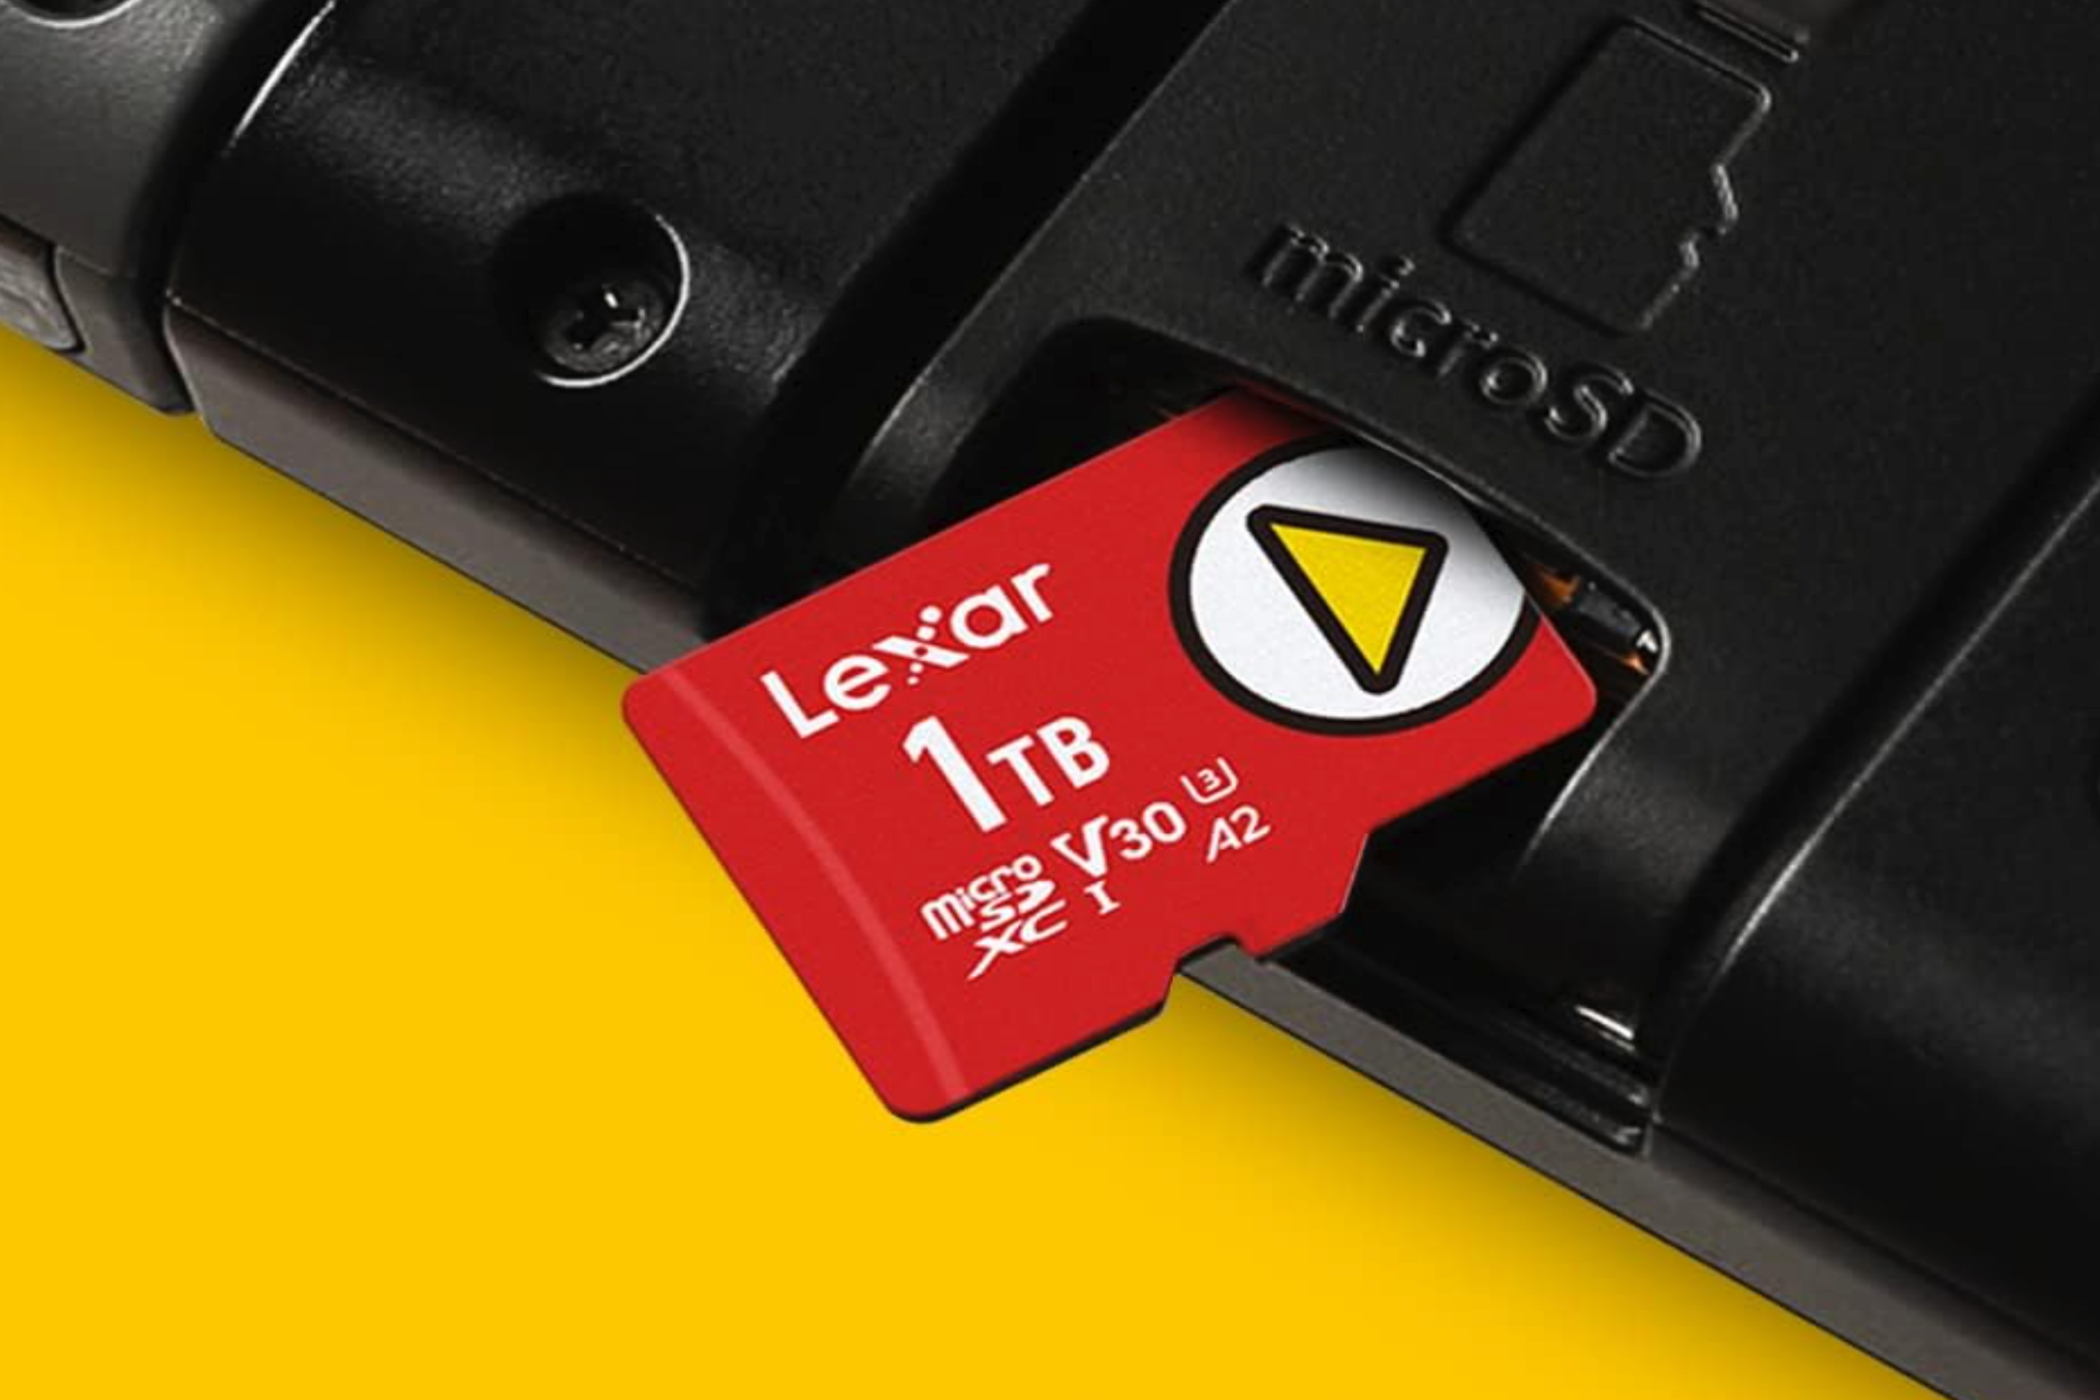 A Lexar Play 1TB microSDXC UHS-I being inserted into a microSD card slot
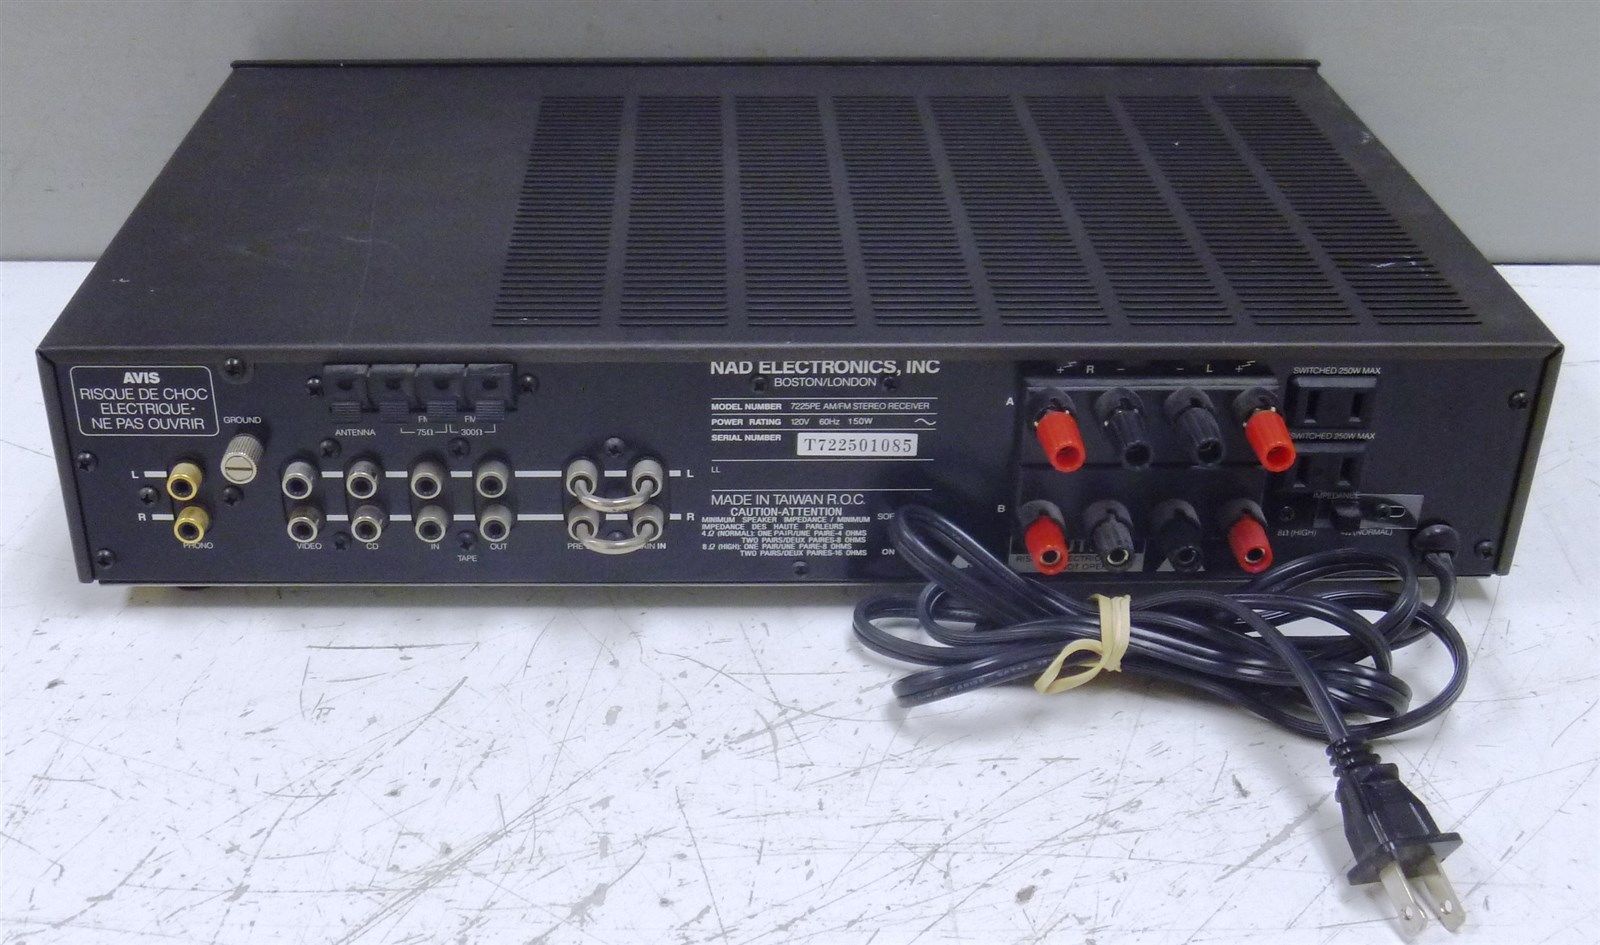 Details on the remarkable PROTON D540 Integrated amp's huge 530 watt
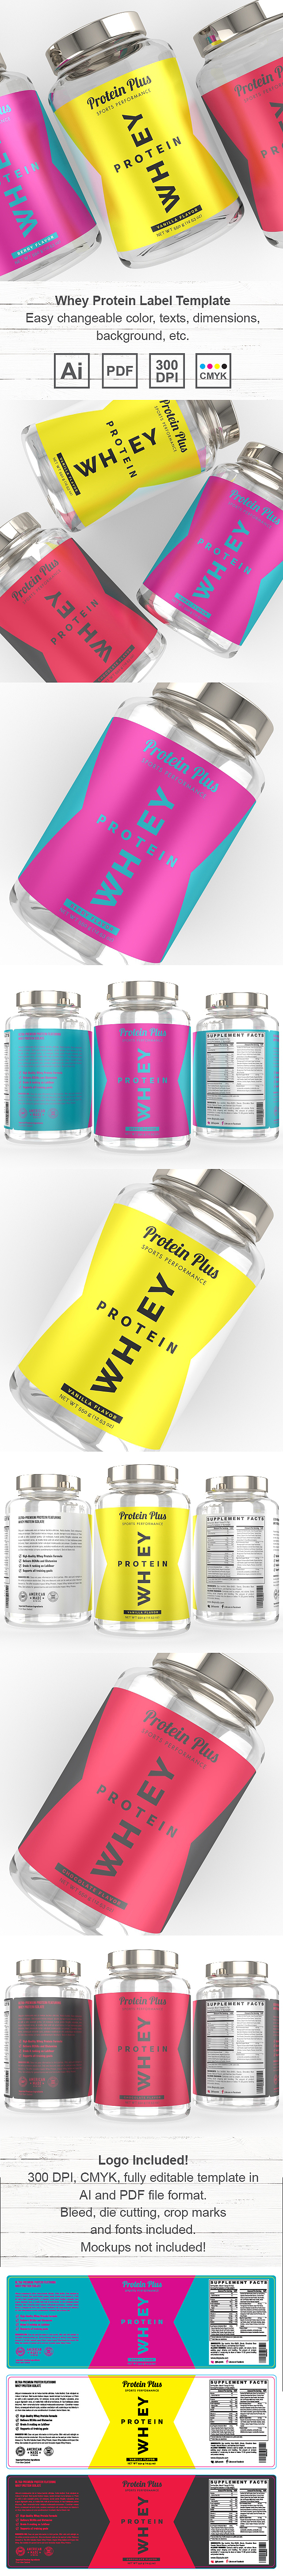 Whey Protein Powder Label Template
***
** Aim of the exercise **
Copy the listing character for character, pictures omitted.

** Final answer **
 A Lexar Play 1TB microSDXC UHS-I being inserted into a microSD card slot
 Details on the remarkable PROTON D540 Integrated amp's huge 530 watt
 Whey Protein Powder Label Template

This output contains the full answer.